[EXERCISE DESCRIPTION]: Exact copy, pictures excluded: the lines from the one containing "Lot #486 Walt Disney" to the end of the listing.

[PROVIDED DATA]:
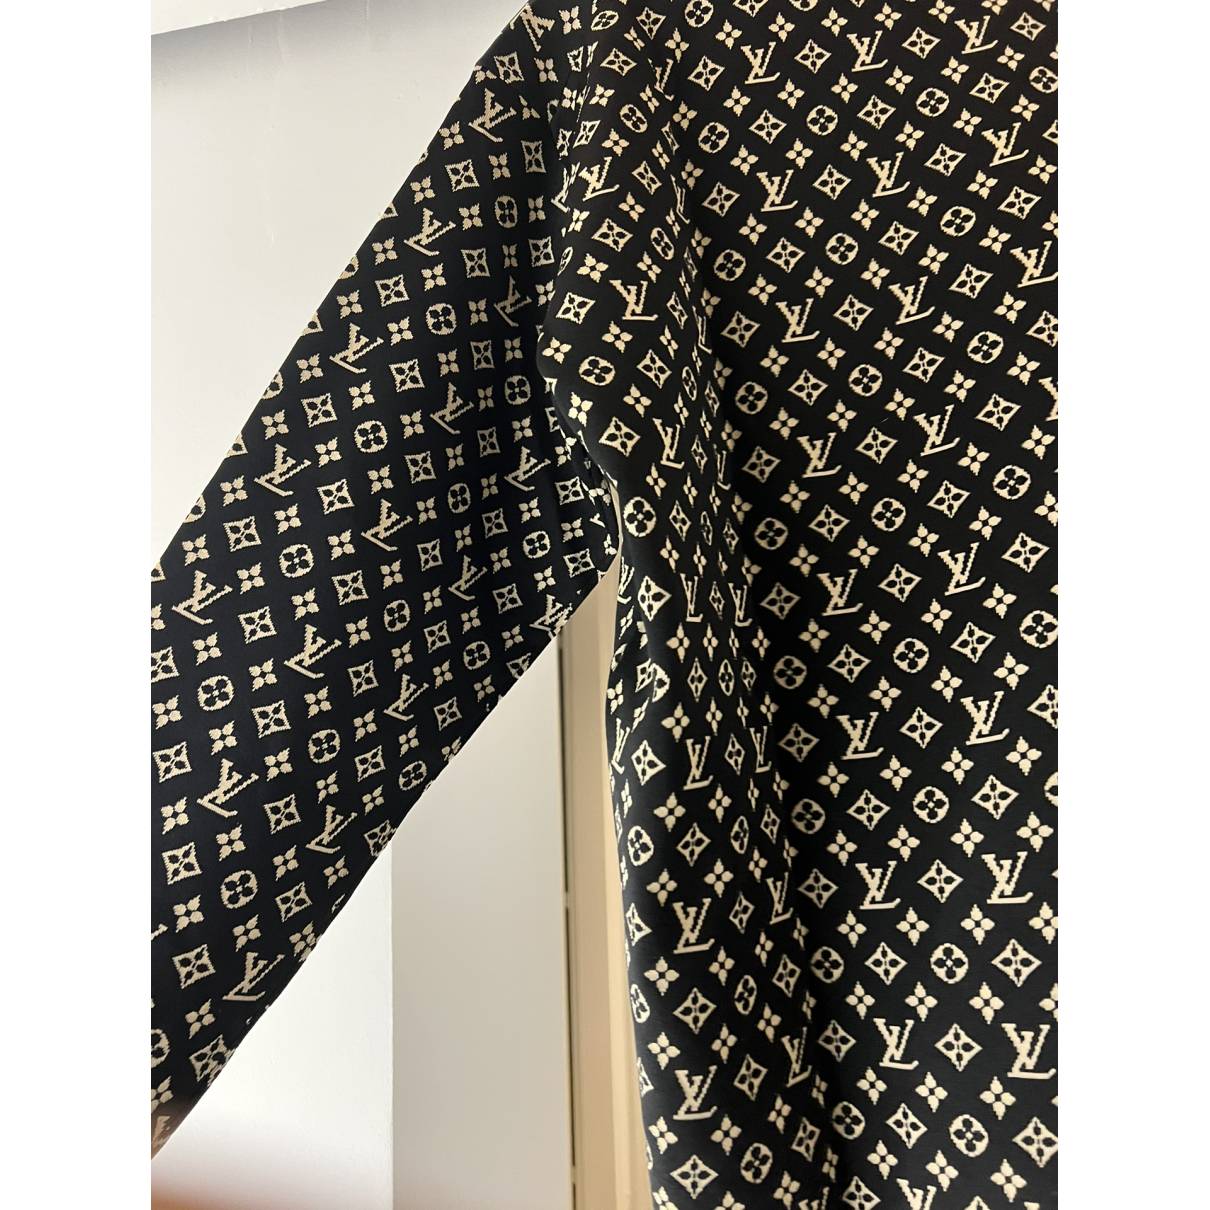 Louis Vuitton Knitted Jersey – Hypedstreetgear
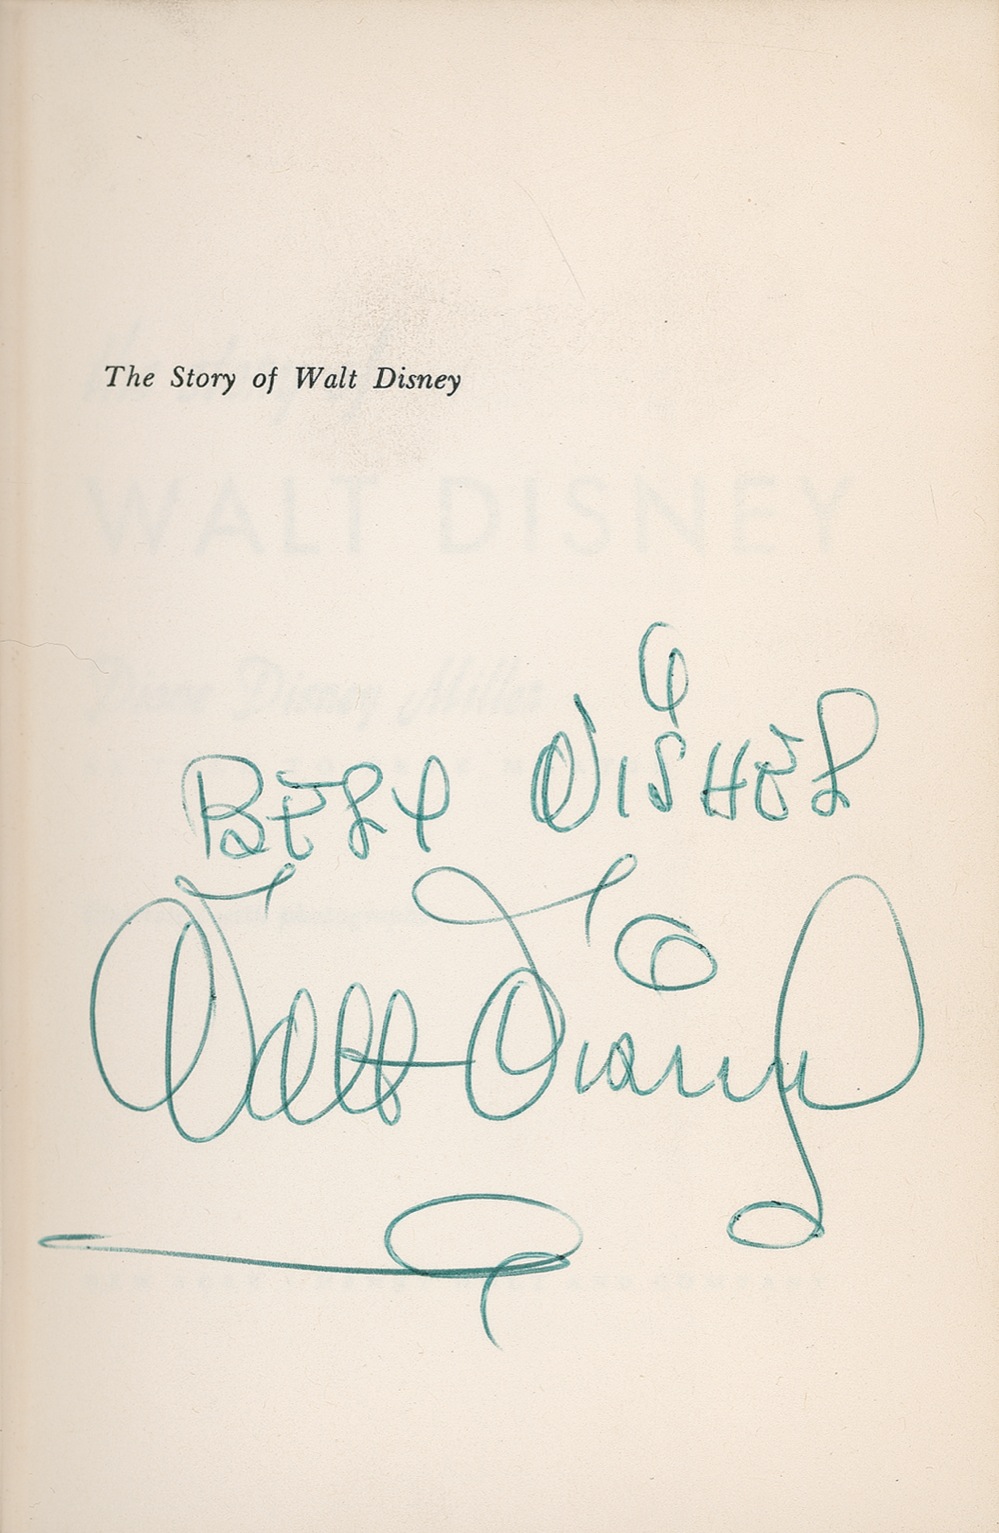 Lot #486 Walt Disney
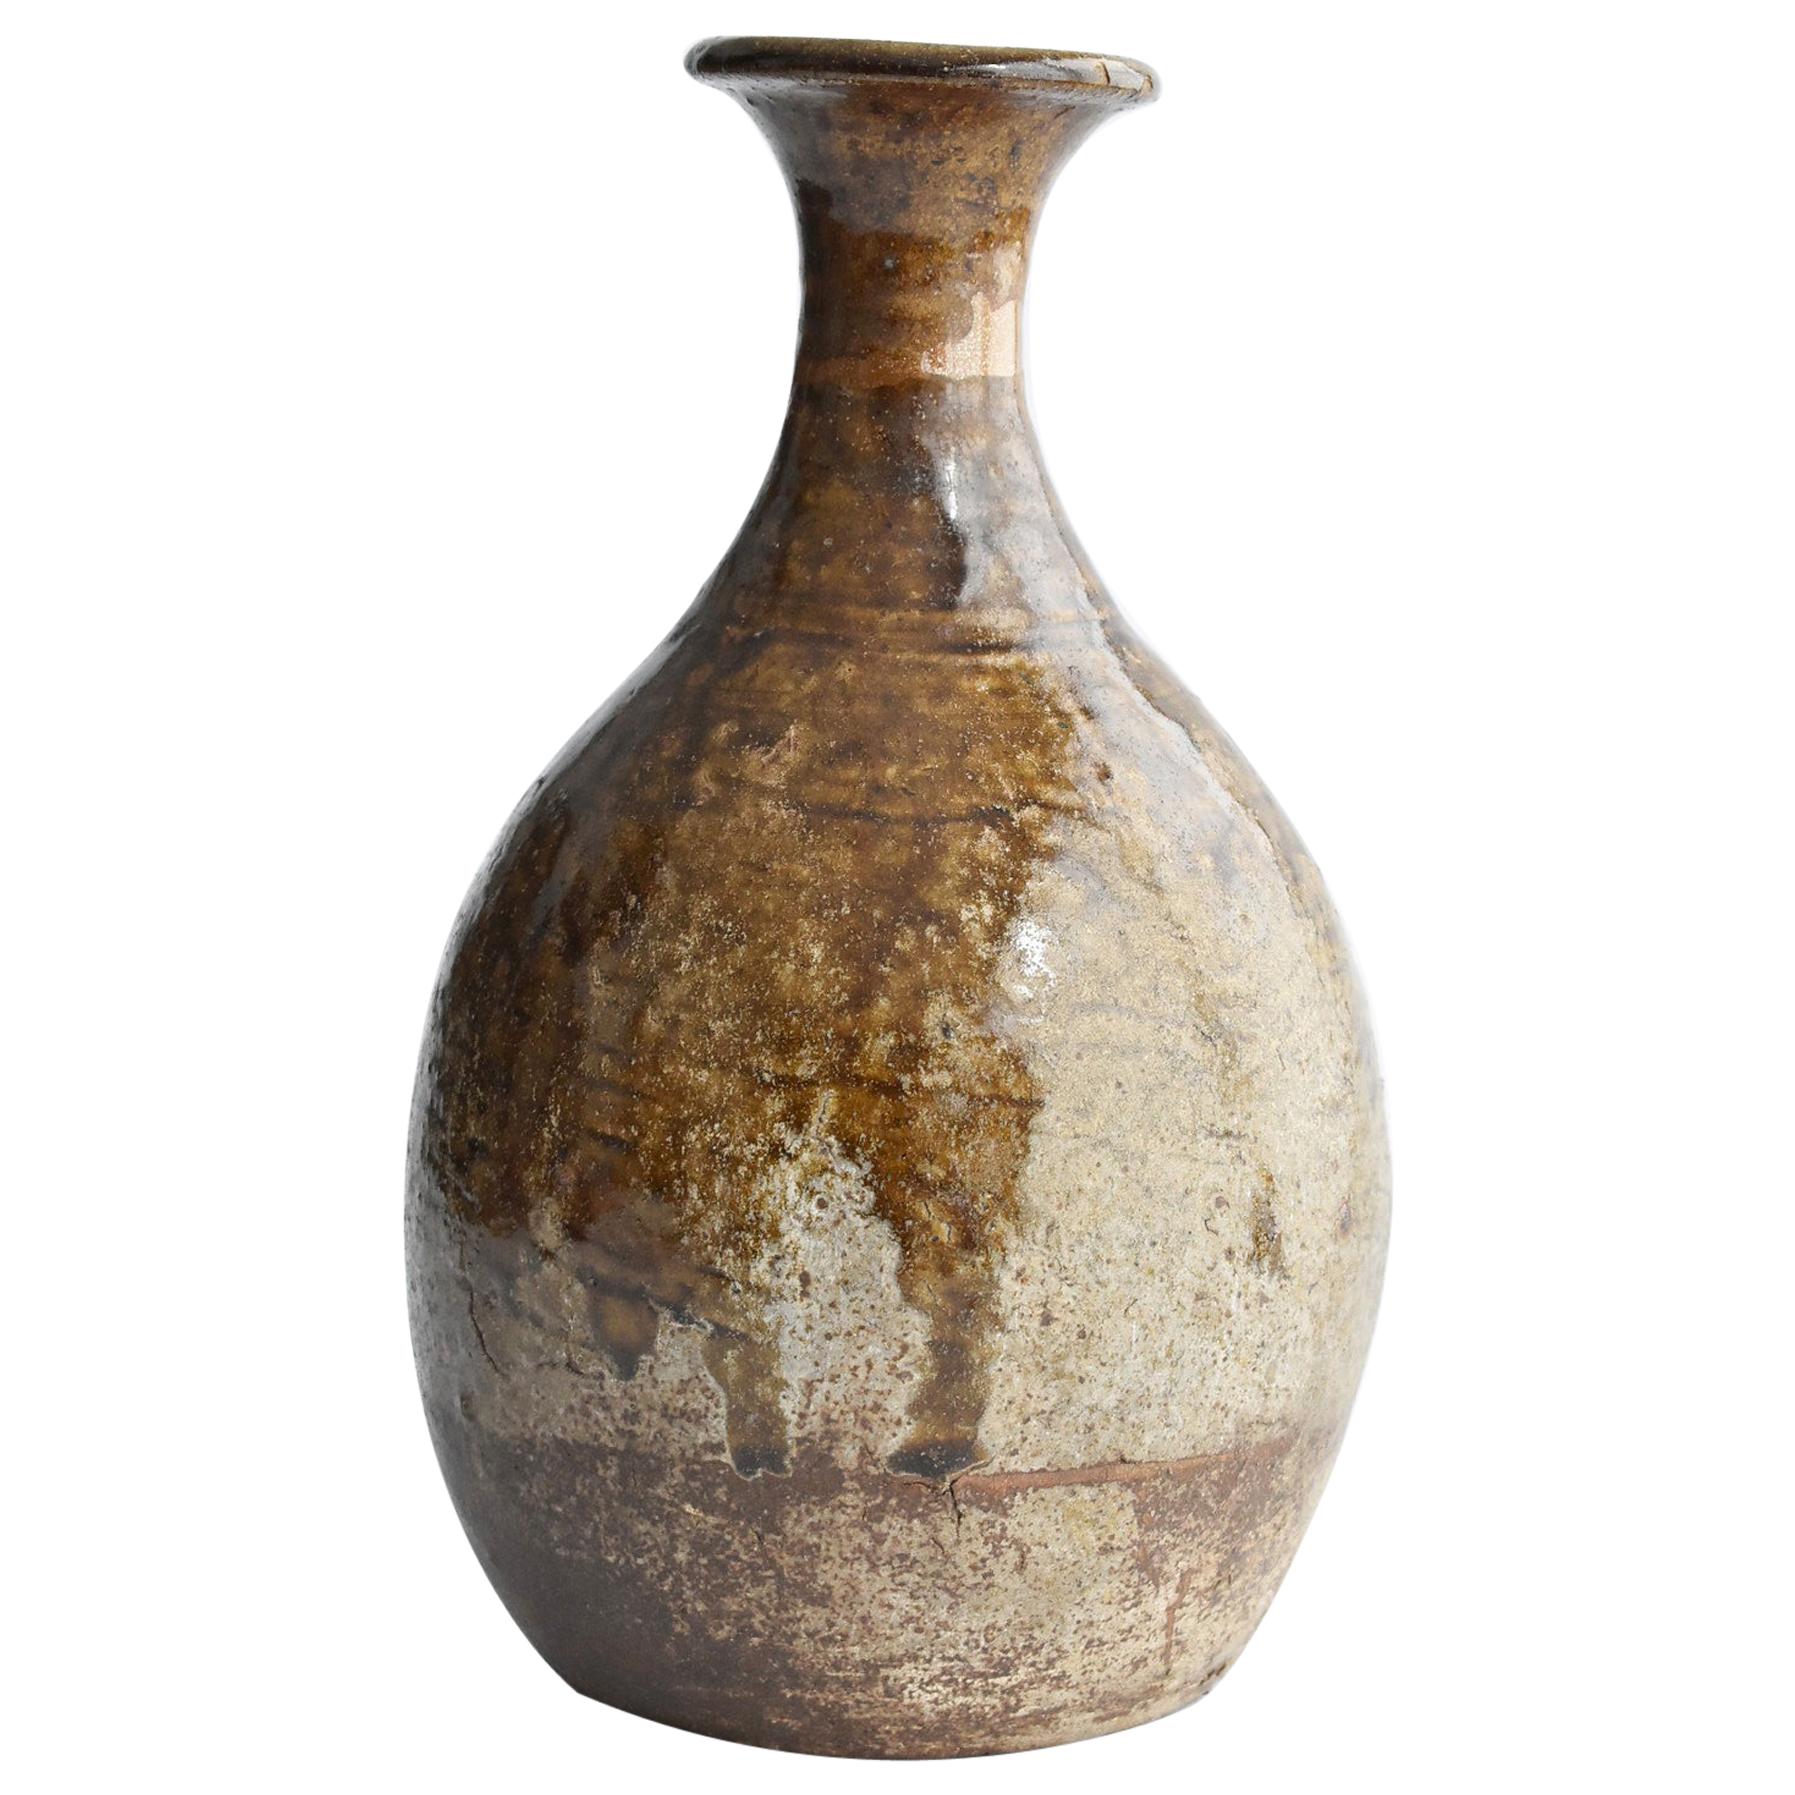 Edo Period '1600s' Japanese Sake Bottle "Karatsu Ware" / Antique Kintsugi Vase

[RESULT FOR THIS TASK]:
 Lot #486 Walt Disney
 Edo Period '1600s' Japanese Sake Bottle "Karatsu Ware" / Antique Kintsugi Vase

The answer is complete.